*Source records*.

◇ ◇ ◇

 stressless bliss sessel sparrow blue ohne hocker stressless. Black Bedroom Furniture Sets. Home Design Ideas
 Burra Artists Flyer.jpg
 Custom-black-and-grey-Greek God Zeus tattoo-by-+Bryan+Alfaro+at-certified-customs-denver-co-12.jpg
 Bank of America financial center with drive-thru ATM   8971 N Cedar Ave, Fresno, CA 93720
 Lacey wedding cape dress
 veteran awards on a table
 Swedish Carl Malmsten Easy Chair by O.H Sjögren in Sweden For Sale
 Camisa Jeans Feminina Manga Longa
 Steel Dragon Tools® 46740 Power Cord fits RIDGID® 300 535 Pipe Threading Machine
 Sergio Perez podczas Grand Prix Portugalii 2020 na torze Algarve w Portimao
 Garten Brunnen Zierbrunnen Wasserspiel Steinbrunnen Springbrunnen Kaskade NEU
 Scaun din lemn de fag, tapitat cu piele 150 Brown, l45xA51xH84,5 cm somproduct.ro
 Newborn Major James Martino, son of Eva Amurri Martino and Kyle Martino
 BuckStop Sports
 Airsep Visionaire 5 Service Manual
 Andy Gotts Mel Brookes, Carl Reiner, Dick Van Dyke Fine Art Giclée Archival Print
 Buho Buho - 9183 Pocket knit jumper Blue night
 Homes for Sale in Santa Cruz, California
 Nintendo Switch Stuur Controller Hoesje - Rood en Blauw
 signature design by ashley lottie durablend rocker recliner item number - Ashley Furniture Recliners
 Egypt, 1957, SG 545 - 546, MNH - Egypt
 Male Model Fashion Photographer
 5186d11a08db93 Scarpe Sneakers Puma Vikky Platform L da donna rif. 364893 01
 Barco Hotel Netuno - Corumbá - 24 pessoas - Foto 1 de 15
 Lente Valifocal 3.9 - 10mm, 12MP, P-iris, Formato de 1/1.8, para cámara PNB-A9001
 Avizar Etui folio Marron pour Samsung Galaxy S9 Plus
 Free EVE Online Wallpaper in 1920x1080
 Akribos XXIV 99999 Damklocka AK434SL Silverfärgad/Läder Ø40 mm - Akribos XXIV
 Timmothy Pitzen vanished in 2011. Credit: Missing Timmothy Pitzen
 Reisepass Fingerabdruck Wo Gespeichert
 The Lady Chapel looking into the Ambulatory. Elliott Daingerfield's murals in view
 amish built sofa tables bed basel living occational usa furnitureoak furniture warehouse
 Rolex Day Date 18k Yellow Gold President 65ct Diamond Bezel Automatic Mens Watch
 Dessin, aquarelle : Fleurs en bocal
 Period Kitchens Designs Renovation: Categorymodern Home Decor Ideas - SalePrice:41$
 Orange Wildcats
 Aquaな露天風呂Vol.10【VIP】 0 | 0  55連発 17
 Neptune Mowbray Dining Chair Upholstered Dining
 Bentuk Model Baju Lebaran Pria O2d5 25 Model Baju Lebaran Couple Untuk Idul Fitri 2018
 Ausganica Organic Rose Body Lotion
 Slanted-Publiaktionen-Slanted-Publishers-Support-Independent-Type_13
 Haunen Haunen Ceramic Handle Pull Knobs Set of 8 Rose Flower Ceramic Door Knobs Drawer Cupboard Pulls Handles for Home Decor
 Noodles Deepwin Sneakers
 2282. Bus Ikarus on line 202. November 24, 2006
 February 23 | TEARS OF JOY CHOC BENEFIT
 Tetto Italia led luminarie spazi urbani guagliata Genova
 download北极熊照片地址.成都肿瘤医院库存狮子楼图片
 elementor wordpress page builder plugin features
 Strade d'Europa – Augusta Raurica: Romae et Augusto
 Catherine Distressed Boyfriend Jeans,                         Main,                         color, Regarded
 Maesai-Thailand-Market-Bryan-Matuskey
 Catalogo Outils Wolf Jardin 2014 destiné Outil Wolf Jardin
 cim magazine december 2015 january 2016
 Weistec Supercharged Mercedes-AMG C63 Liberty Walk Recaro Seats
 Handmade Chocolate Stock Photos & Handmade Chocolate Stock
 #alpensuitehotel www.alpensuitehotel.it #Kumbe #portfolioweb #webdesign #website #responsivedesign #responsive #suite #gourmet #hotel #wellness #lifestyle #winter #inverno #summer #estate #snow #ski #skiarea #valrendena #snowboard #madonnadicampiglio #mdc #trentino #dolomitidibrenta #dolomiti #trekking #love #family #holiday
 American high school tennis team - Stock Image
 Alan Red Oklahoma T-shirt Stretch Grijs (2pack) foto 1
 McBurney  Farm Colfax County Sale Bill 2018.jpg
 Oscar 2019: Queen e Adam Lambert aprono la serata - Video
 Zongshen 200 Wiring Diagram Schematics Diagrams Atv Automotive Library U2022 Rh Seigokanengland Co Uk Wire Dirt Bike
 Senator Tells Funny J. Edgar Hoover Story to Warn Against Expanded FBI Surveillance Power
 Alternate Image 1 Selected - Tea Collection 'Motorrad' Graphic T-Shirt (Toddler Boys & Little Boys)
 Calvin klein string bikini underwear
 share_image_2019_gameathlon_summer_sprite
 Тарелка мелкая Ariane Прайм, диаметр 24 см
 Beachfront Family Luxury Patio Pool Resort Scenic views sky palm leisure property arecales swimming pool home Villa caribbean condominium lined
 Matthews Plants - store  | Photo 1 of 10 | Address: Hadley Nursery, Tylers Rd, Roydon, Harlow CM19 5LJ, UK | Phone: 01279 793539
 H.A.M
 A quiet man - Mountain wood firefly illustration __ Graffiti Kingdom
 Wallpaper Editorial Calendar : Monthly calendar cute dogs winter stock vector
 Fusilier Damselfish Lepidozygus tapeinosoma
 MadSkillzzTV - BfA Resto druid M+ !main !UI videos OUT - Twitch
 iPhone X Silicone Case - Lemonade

◇ ◇ ◇

*TASK OBJECTIVE*.
Only one stretch of the data above is needed. Restate it word for word, from the line containing "Sergio Perez podczas" through the line containing "Homes for Sale in Santa Cruz, California", both ends included.

*EXERCISE OUTPUT*.
 Sergio Perez podczas Grand Prix Portugalii 2020 na torze Algarve w Portimao
 Garten Brunnen Zierbrunnen Wasserspiel Steinbrunnen Springbrunnen Kaskade NEU
 Scaun din lemn de fag, tapitat cu piele 150 Brown, l45xA51xH84,5 cm somproduct.ro
 Newborn Major James Martino, son of Eva Amurri Martino and Kyle Martino
 BuckStop Sports
 Airsep Visionaire 5 Service Manual
 Andy Gotts Mel Brookes, Carl Reiner, Dick Van Dyke Fine Art Giclée Archival Print
 Buho Buho - 9183 Pocket knit jumper Blue night
 Homes for Sale in Santa Cruz, California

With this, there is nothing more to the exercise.